While details on how exactly Claude was used for operational planning, battlefield simulations, and intelligence assessments are not made public, based on its previous deployment in Venezuela and known contacts between Palantir and the Pentagon, it is likely that it was used within the Maven Smart System and the Artificial Intelligence Platform (AIP). The Maven Smart System is Palantir's primary DoD platform, which aggregates data from various sources, including satellite imagery, sensor data, and more, into a single interface for commanders and military planners. The Artificial Intelligence Platform is built into Maven and allows users to interact with operational data using natural language, powered by large language models (LLMs).  The platform is known to allow for third-party data integrations. In June 2024, Palantir was also selected for an additional agreement that onboards third-party vendors into Maven Smart System and AIP. It is thus highly likely that Claude was used by analysts to detect patterns and to provide intelligence and operational guidance as needed for Operation Epic Fury.

In January, Anthropic’s Claude had already been tested in Venezuela. U.S. Southern Command (SOUTHCOM) employed it in Operation Absolute Resolve that resulted in the capture of Venezuelan President Nicolás Maduro and his wife, Cilia Flores.

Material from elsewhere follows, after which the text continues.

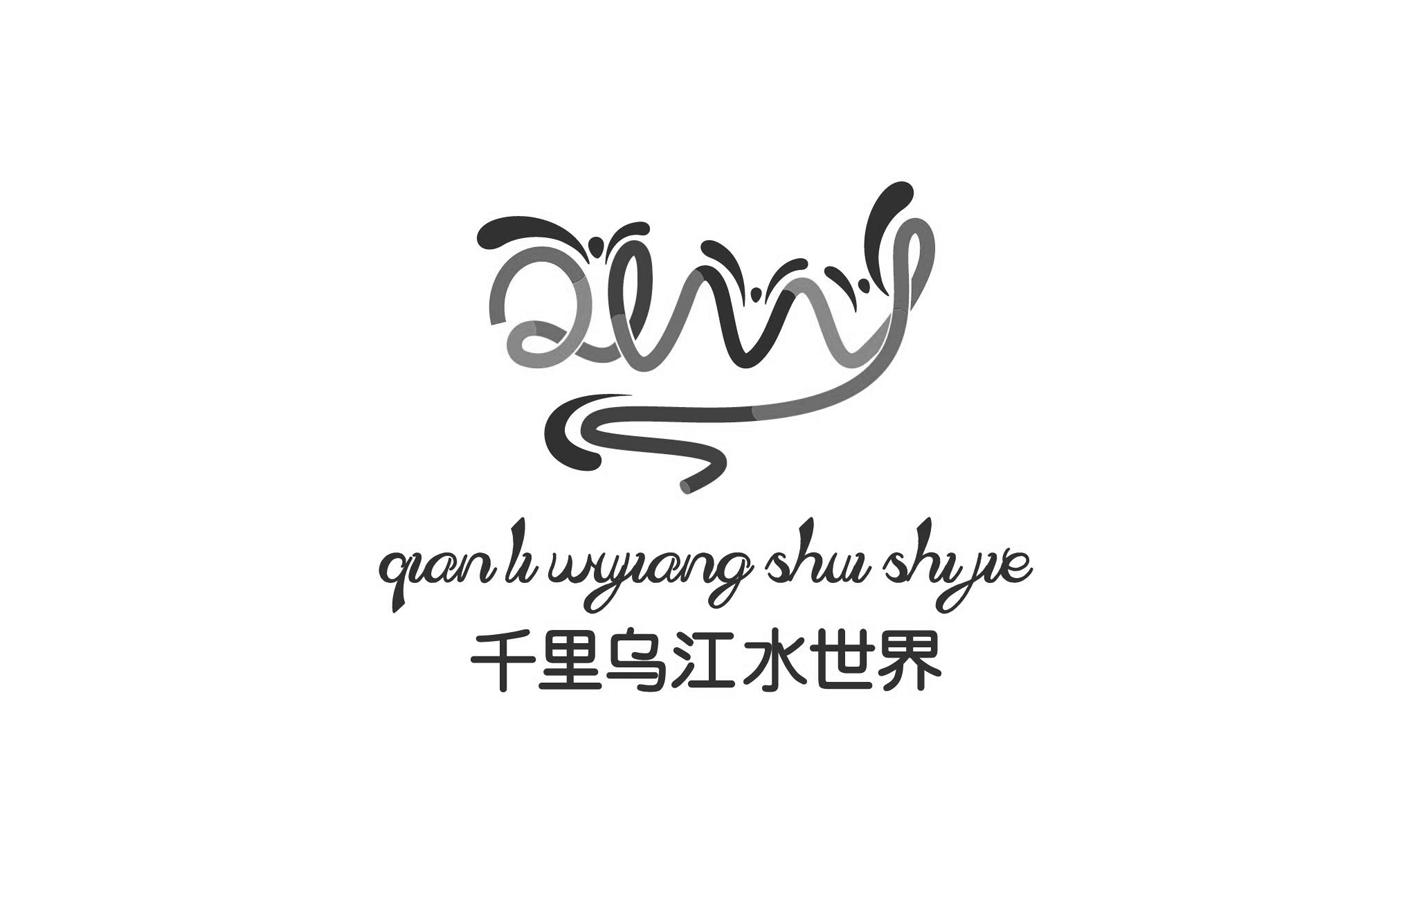 乌江logo图片
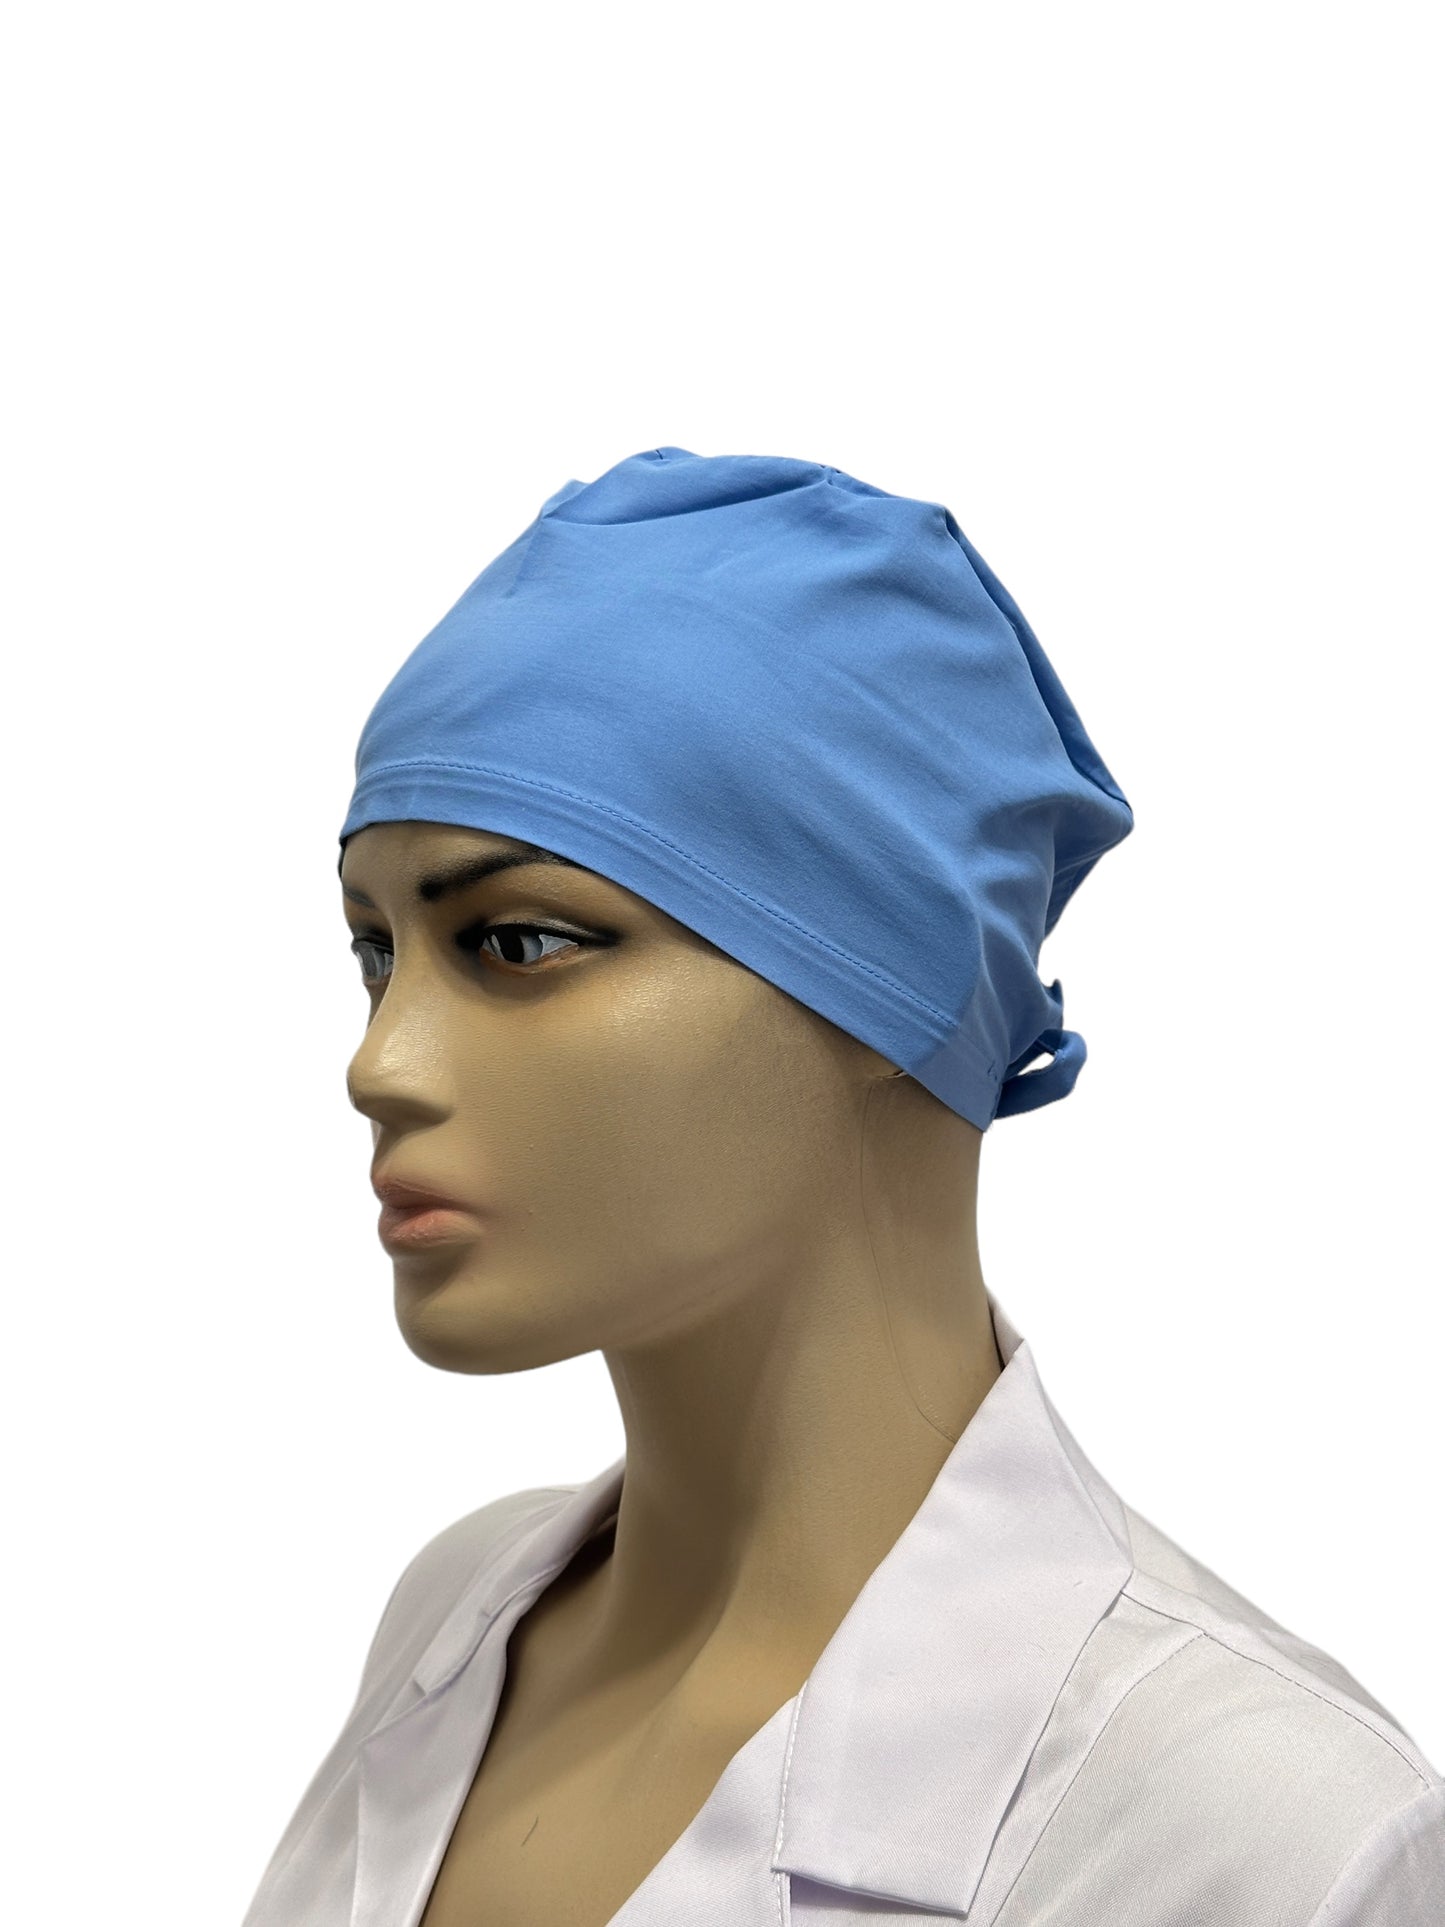 Unisex blue medical cap

In that instance, it is confirmed through The Wall Street Journal that Claude was accessed by the Pentagon through Palantir’s platform.

From an ethical and legal point of view, the use of Claude is not necessarily in violation of its two non-negotiable deployment constraints: no mass domestic surveillance of U.S. persons, and no fully autonomous weapons. Nonetheless, the operation indicates the extent to which the Pentagon relies on AI for its missions. Anthropic’s CEO, Dario Amodei, has publicly stated that Claude lacks human judgment and that autonomous deployment could lead to a host of unintended consequences. As of Friday, competitor OpenAI has now concluded a contract with the Pentagon. It will be important to watch whether the similar limitations it has set on its model usage will actually be enforced.

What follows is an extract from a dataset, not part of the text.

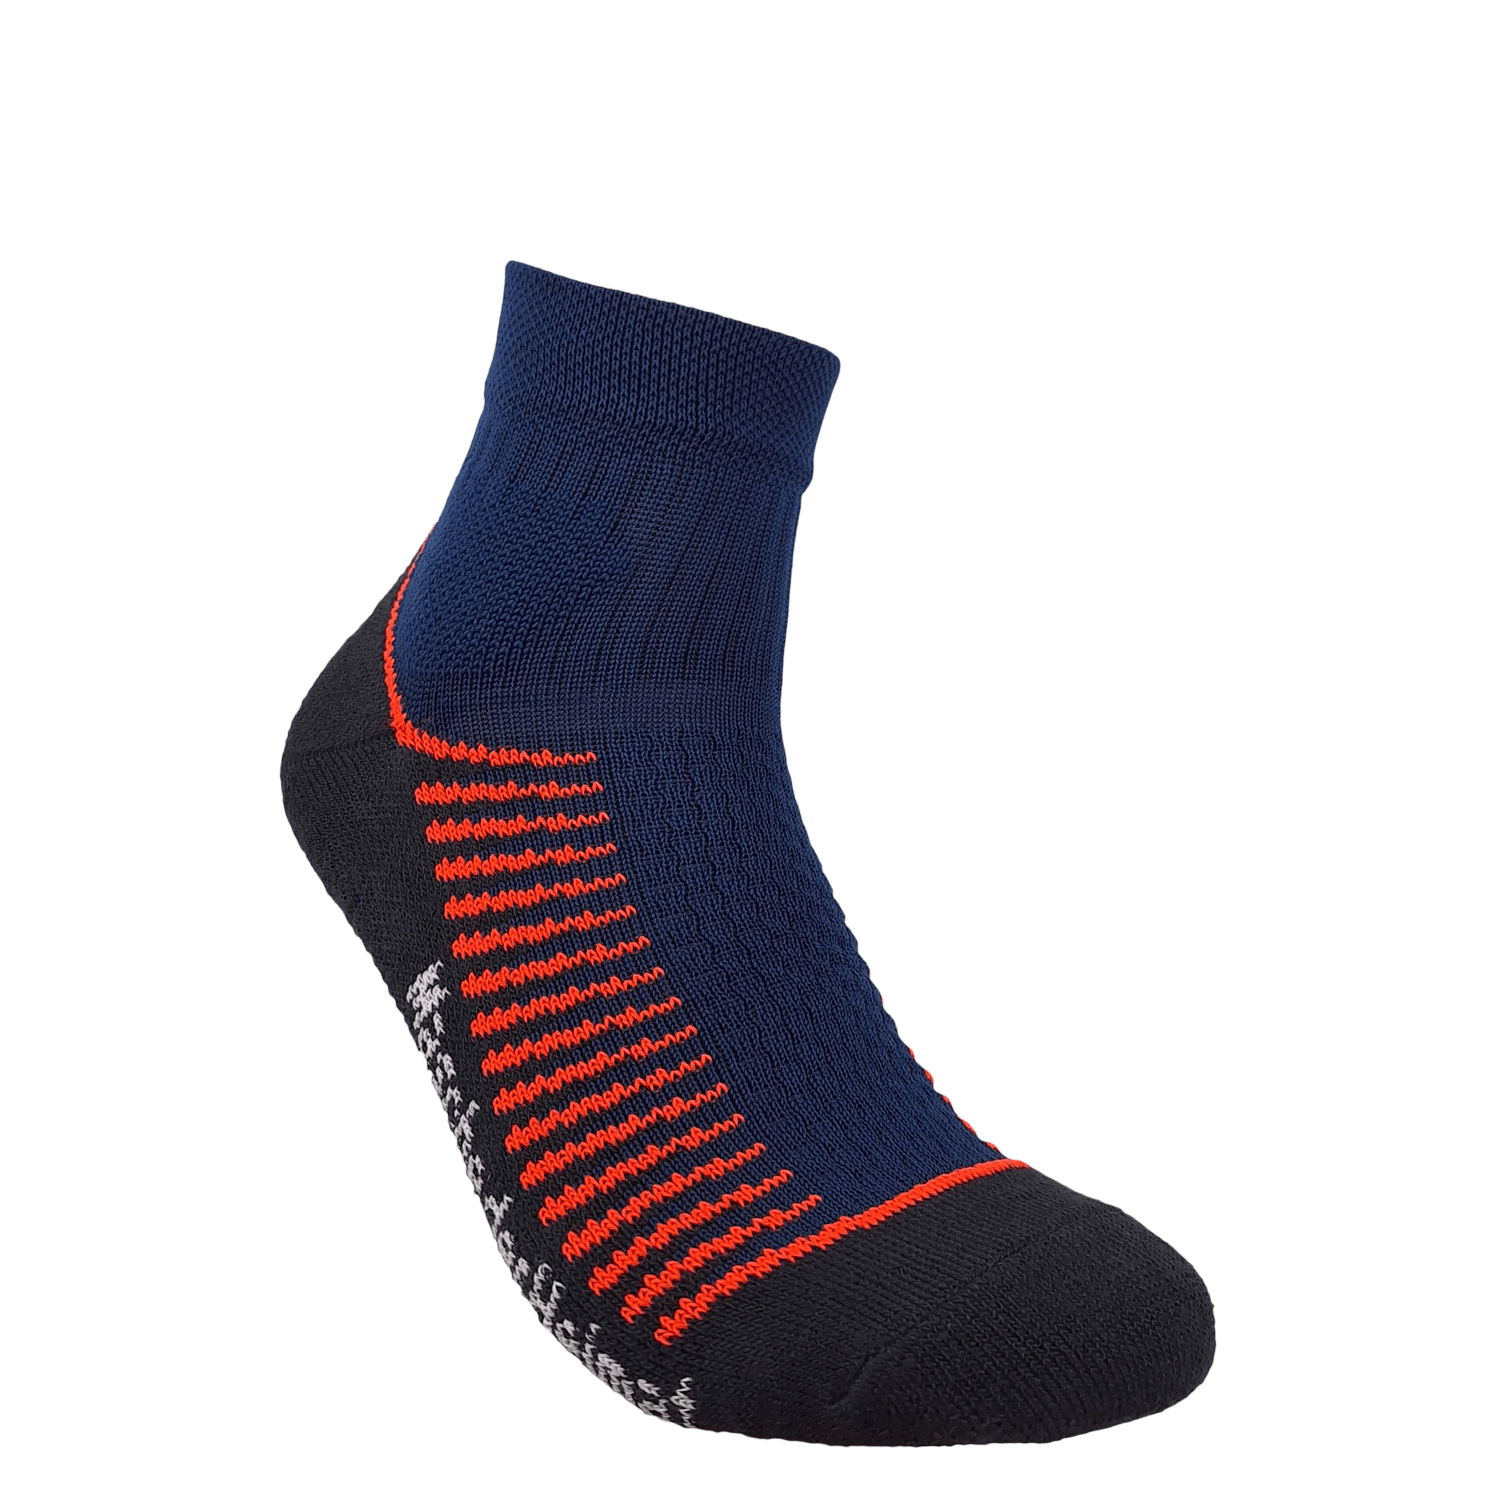 Allround-Socks marine orange, kurz, 35/38

All primary concerns around AI integration in weapons systems, especially fully automated ones, relate to accountability. For example, automation bias, or the tendency of operators to defer to machine recommendations, is well-documented, and Israeli operational precedent shows human review can be minimal. Some reporting on Israel’s use of the controversial Lavender system, which assigns a suspicion score to individuals based on the data it processes, technically requires an operator’s review before a strike is executed. However, reporting from Gaza shows that minimal checks have been done before strike execution despite its substantial false positive rate. The second issue relates to ultimate accountability. If an AI system recommends a target and human operators rubber-stamp that decision, criminal liability for targeting errors becomes legally ambiguous. This is related to the crux of the issue: the enforcement of International Humanitarian Law (IHL). While the UN General Assembly affirms that IHL governs lethal autonomous weapons systems, no hard enforcement mechanisms exist.

In a full-circle development, data centers became a target in Iran’s retaliatory strikes in the Gulf states. In Bahrain, an Amazon Web Services Data Center reported power and connectivity disruptions on March 2, amid Iranian strikes on U.S. assets in the capital. In the United Arab Emirates (UAE), another Amazon Web Services Data Center was directly struck. Amazon announced that it had temporarily shut down its data center in the UAE after being hit. Various Gulf states, especially the UAE and the Kingdom of Saudi Arabia, are seeking to leverage AI investments as a dual instrument of economic diversification and geopolitical influence. However, data centers in the region are now at significant risk, with cascading security and economic effects. Much like targeting oil infrastructure, Iran may seek to impose increasingly prohibitive costs on Gulf states by targeting its AI infrastructure.